I’ve never seen a raindrop fall on a frog’s head but you have. You say the frog wiped away the water with his wrist and that’s good enough for me.
Ever since I first heard it fifteen years ago your poem on the death of your son has been flitting in and out of my mind. And now I see there are two versions, the first having been revised on the later death of your daughter, in 1819, of smallpox. And now I want you to know that I hope you’ve been reunited with your sons and your daughters and your wives and your father, and that I prefer the first version.
The sun has dropped behind the mountains and the tiny cars on the long winding road way over on the other side of the lake have their lights on. And a sense of amazement springs up, amazement that we live in a world where the sun continually rises and sets.
The Marasmius oreades (delicious when fried with bacon) have formed a fairy ring in the shape of a giant number 3 in the courtyard lawn, reminding me of the time I saw three motorcycles parked diagonally at the curb in front of 111 Brucedale Avenue.
In October you can look at the sides of the mountains and see the patterns made by the deciduous trees which have become bright yellow or orange among the coniferous which have remained dark green. Sometimes it seems like a territorial war up there but the conflict between the two types of trees is probably more in my mind than on the slopes.
This morning the sky is blue but the tops of the mountains cling to thick giant puffs of pink and grey cloud. A small white cloud rises from the surface of the lake and tries to reach the big ones up above but by the time it gets halfway there it has almost completely disappeared.
It’s pleasant to be so unhurried that you can see even the slowest-moving clouds moving. A part of me says I should be ashamed of myself but you know the more time you waste the more you get. It’s like money.

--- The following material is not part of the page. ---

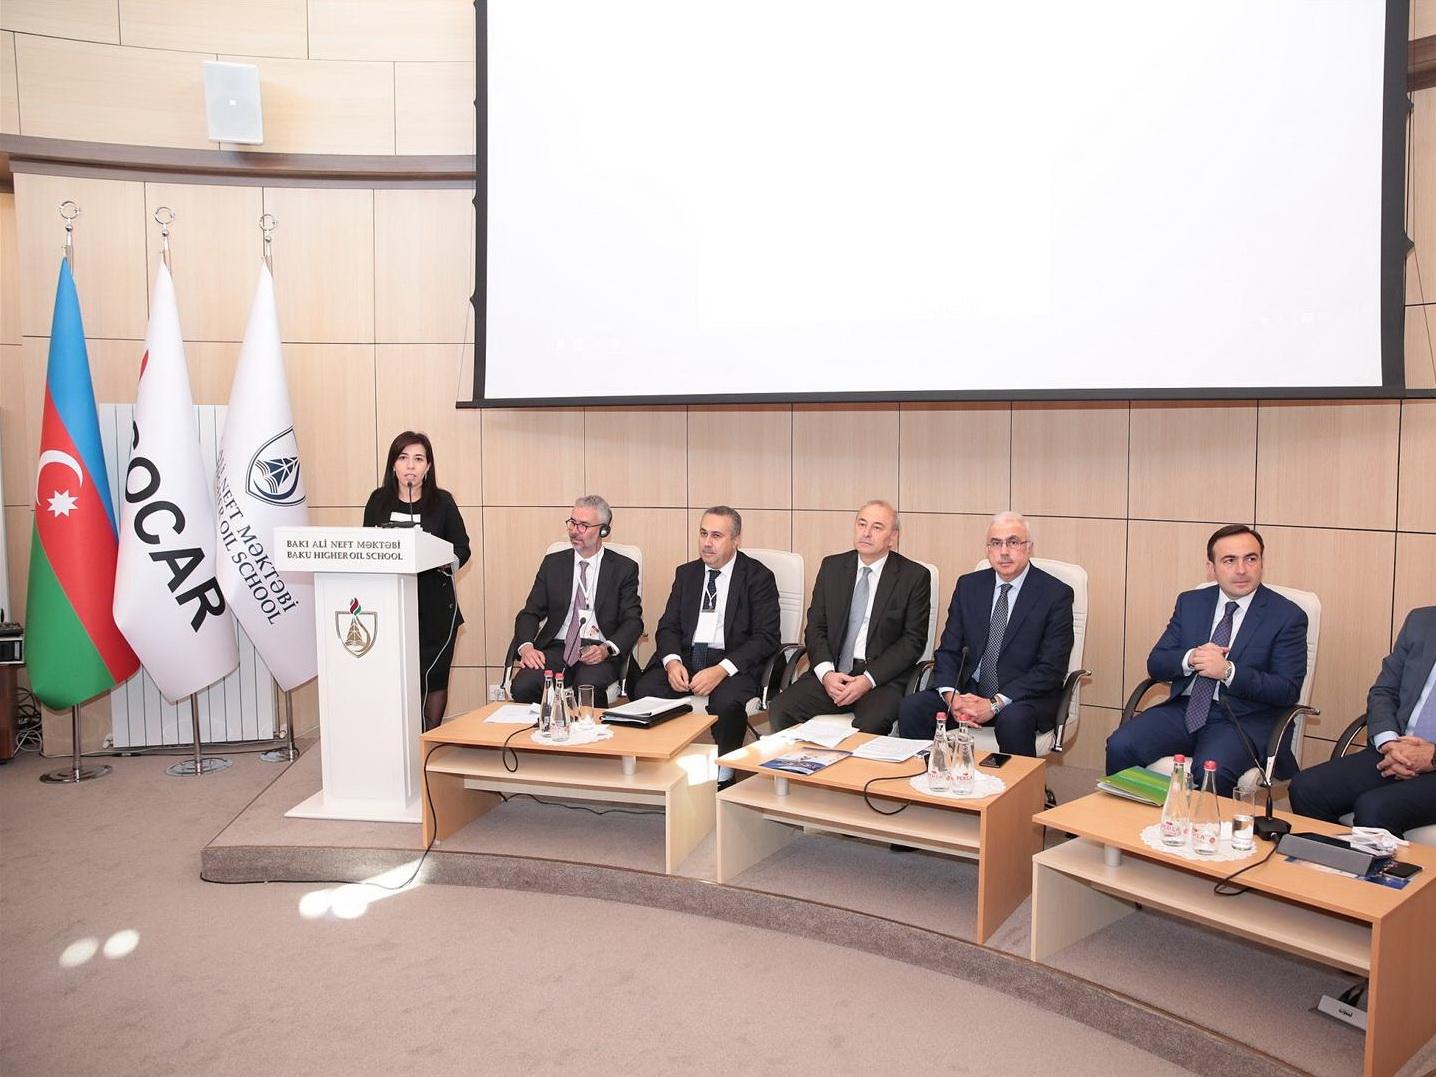 В Баку обсуждают последствия глобальных изменений в энергетической отрасли в регионе Каспия и Центральной Азии - ФОТО

On a rainy windy October moring a grey Volkswagen sits at the side of the road. It’s covered with hundreds of small wet yellow leaves plastered on the trunk, on the hood, on the roof – in a strangely satisfying pattern. Was it the rain and the wind or was it a subtle and patient artist with a pot of glue? Of course it was the wind and the rain and of course it’s a hackneyed idea. But for a moment I wonder. As you would have.
It’s pleasant to have a cup of tea and think of you, Issa, and to think of others in the twentieth century having a cup of tea and thinking of you, Issa.
Notes on the Poem
We will always miss David McFadden's wondering, curious, whimsical voice. We are grateful he left us so much, such as Why Are You So Sad?, the 2008 Griffin Poetry Prize shortlisted work from which we've selected "A Cup of Tea with Issa" for this week's Poem of the Week. We're pretty sure these are the words of Kobayashi Issa that McFadden's narrator is contemplating:Dew evaporates and all our world is dew… so dear, so fresh, so fleeting(See more reflections on Issa's poem here.) The poem's narrator uses his contemplations of Issa as a gentle springboard into all sorts of beautiful observations about the world around him. What he sees and how he sees it is simpatico with an equally beautiful observation poet and editor Stuart Ross made about McFadden as he paid tribute to him in 2018:"There's something about Dave that's just sort of the quiet, suburban fellow telling this story and then, yeah, somehow you find yourself being drawn into something that's magical or bewildering or surreal."The narrator in "A Cup of Tea with Issa" does indeed tiptoe along the edges of the magical, from the lights of the cars at dusk, to the mushrooms forming a fairy ring, to the "territorial war" of the colours of the trees in October to how in the world a car came to be covered in hundreds of brilliant little leaves ... All of what McFadden notes through his narrator is truly "so dear, so fresh, so fleeting", isn't it?